This presentation describes the Data Asset Framework (DAF) as a tool for scoping data content for institutional repositories. It was given as part of module 1 of a 5-module course on digital preservation tools for repository managers, presented by the JISC KeepIt project. For more on this and other presentations in this course look for the tag 'KeepIt course' in the project blog http://blogs.ecs.soton.ac.uk/keepit/
- I’ll start off with some background context / an overview to DAF - Harry will then explain how it’s been used at Southampton - then we’ll do a group exercise.

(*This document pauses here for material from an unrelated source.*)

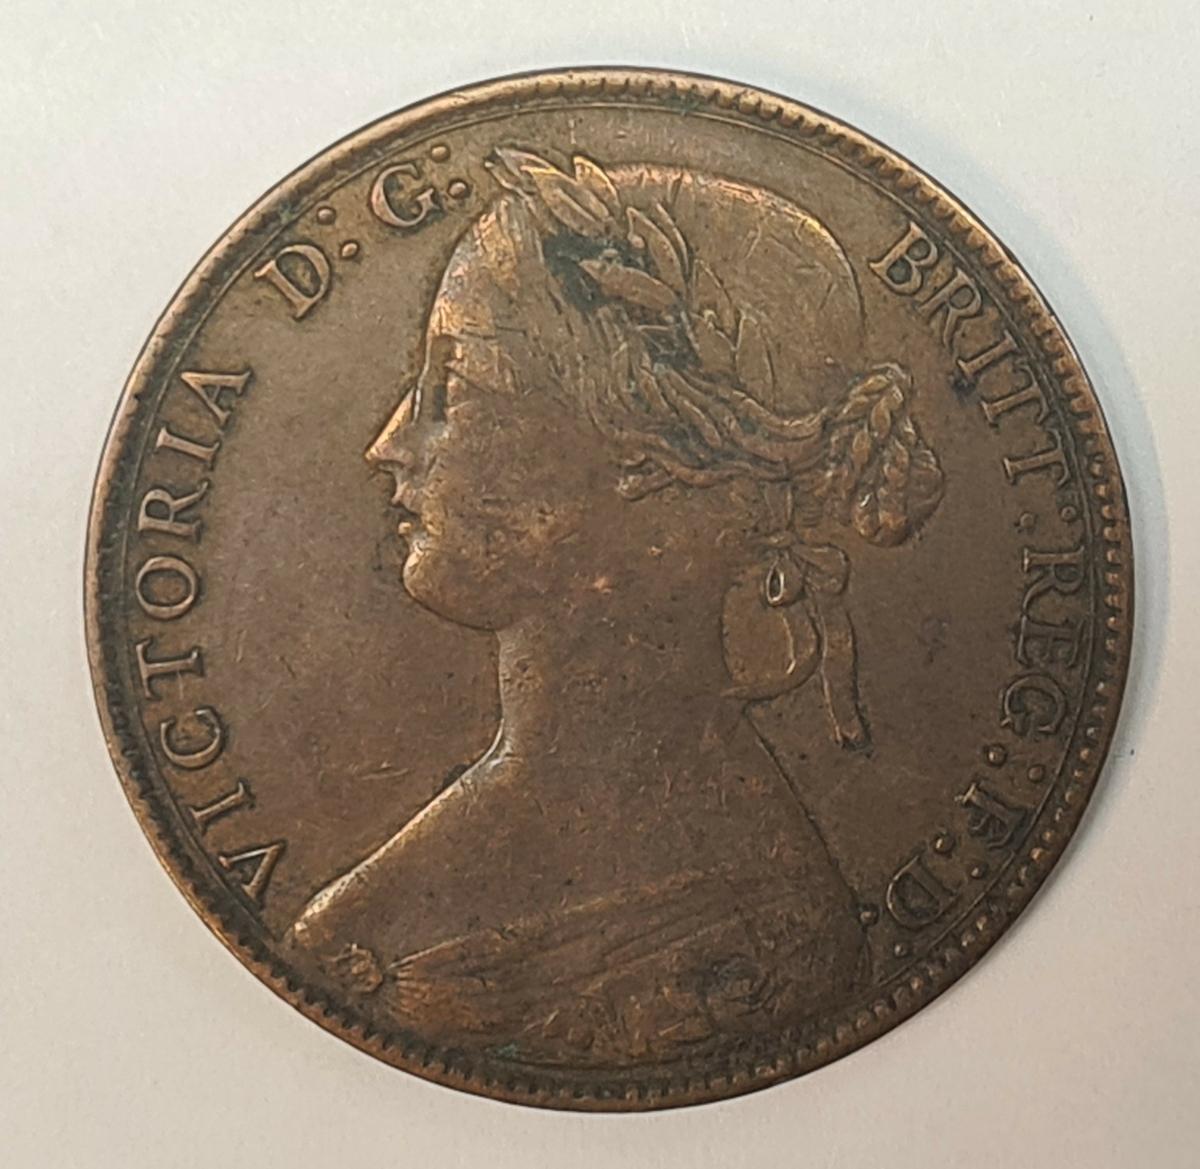 5 mynt från Storbritanien. 1 Penny, 1860 1 Penny, 1861 1 Penny, 1862 1 Penny, 1876 1 Penny, 1889

DAF established in response to a recommendation in the Dealing with Data report. This recognised a lack of awareness as to what data were held within HE institutions and how they were being managed. How can unis make the most of their research data when it is unclear: what there is; where these data are; how they’re being managed; options for reuse etc DAF tries to help users find these things out. Can be a useful tool for repositories to identify data for ingest, or to see what the requirements for support are from researchers left curating data without the necessary resources / skills.
5 projects funded by JISC over a 6 month period in 2008 Development project to come up with the methodology and develop an online tool Implementation projects to test this out and investigate the research data challenge
The methodology has four incremental stages, one for planning, one for wrap up and two main audit stages. Stages 2 & 3 pick up directly on the two aspects in the original recommendation i.e. what data exist (inventory stage) and what’s happening to them (assessment stage). Planning: define scope / expected outcomes of the survey; conduct preliminary research; set up interviews / questionnaires. Identifying data: collect basic information (name, description, creator, location); broad mapping to get feel for the extent of data holdings; classification helps refine scope of next stage. Assessing data: look into a few datasets / collections in more depth to identify weaknesses in data management and risks; consider the whole lifecycle. Reporting: collate and analyse information collected; make recommendations on how to improve data management. Information was typically collected by a mix of questionnaires and interviews.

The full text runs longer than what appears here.